# CartPole Imitation Learning

* Anton Karazeev, you can text me: [```anton.karazeev@gmail.com```](mailto:anton.karazeev@phystech.edu) or [t.me/akarazeev](https://t.me/akarazeev)

# Load transitions

In [None]:
import pickle

# Unpickle expert's policy actions
# there are 100 batches with length of 200 states
with open('transitions.pkl', 'rb') as f:
    transitions = pickle.load(f)

In [None]:
import time
import math
import numpy as np

import torch
import torch.nn as nn
import torch.optim as optim
from torch.autograd import Variable
import torch.nn.functional as F

import matplotlib.pyplot as plt
%matplotlib inline


def timeSince(since):
    now = time.time()
    s = now - since
    m = math.floor(s / 60)
    s -= m * 60
    return '%dm %ds' % (m, s)

In [None]:
# Defining helper functions

def states_actions(chunk):
    """
    Divides `chunk` of history into lists of states and actions
    """
    states = list(map(lambda x: x[0], chunk))
    actions = list(map(lambda x: x[1], chunk))
    return states, actions

def random_chunk(chunk_size=50):
    """
    Samples `chunk_size` states from `transitions`
    :param chunk_size: size of history sample
    """
    full_chunk = transitions[np.random.randint(len(transitions))]
    start_index = np.random.randint(len(full_chunk) - chunk_size)
    end_index = start_index + chunk_size
    return full_chunk[start_index:end_index]

def training_batch(chunk_size=50):
    """
    :param chunk_size: size of history sampled from `transitions`
    :returns: `states_tensor` and `actions_tensor` sampled from `transitions`
    """
    states, actions = states_actions(random_chunk(chunk_size))
    states_tensor = torch.cat(states).view(-1, 1, states[0].shape[1])
    actions_tensor = torch.cat(actions)
    return Variable(states_tensor), Variable(actions_tensor)

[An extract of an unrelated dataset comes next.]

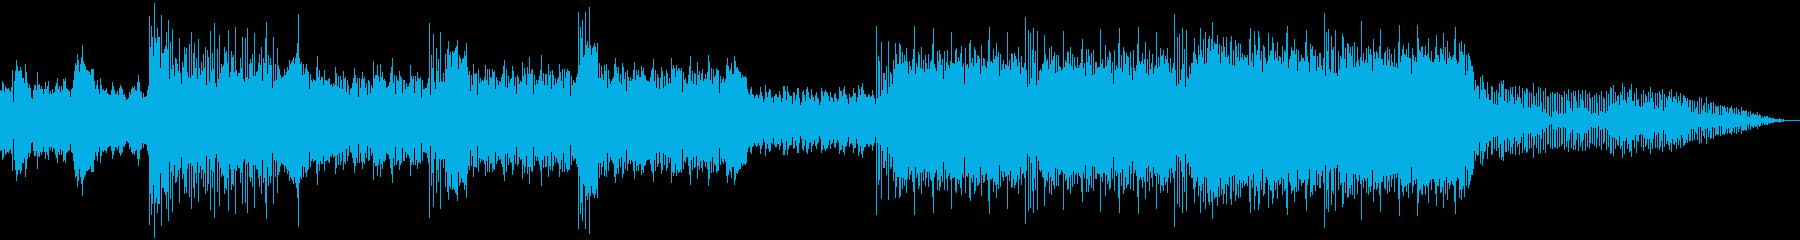 レースゲーム向きテンポの速いDnBの再生済みの波形

# Feedforward Network definition 

In [None]:
# Define our simple network
# and try to learn supervised expert's policy

class FFN(nn.Module):
    def __init__(self, input_size, hidden_size, output_size):
        super(FFN, self).__init__()
        self.fc1 = nn.Linear(input_size, hidden_size)
        self.fc2 = nn.Linear(hidden_size, output_size)

    def forward(self, x):
        x = F.relu(self.fc1(x))
        x = self.fc2(x)
        return x.view(x.size(0), -1)
    
ffn = FFN(4, 128, 2)

In [None]:
criterion = nn.CrossEntropyLoss()

learning_rate = 0.01

# Training function
def train_ffn(states_tensor, actions_tensor):
    tmp_loss = 0
    
    for i in range(states_tensor.size()[0]):
        ffn.zero_grad()

        output = ffn(states_tensor[i])               # Predict action
        loss = criterion(output, actions_tensor[i])  # Calculate error
        tmp_loss += loss.data[0]
        loss.backward()                              # Error backpropagation

        for p in ffn.parameters():                   # Update net's parameters
            p.data.add_(-learning_rate, p.grad.data)
    
    return output, tmp_loss / states_tensor.size()[0]

In [None]:
# Train loop

n_iters = 100
print_every = 10

all_losses = []
start = time.time()

for iter in range(1, n_iters + 1):
    output, loss = train_ffn(*training_batch(190))
    all_losses.append(loss)

    if iter % print_every == 0:
        print('%s (%d %d%%) %.4f' % (timeSince(start), iter, iter / n_iters * 100, loss))
        
plt.plot(all_losses)
plt.ylabel('Loss')
plt.xlabel('time');

In [None]:
# Load CartPole-v0 environment

from itertools import count
import gym

env = gym.make('CartPole-v0').unwrapped

def preprocess_state(state):
    return Variable(torch.Tensor(state).view(1, 4))

In [None]:
# FFN Evaluation

n_epoch = 50

durations = []

for epoch in range(n_epoch):
    # Get initial state
    state = env.reset()
    state = preprocess_state(state)

    for t in count():
        output = ffn(state)
        action = output.data.topk(1)[1][0][0]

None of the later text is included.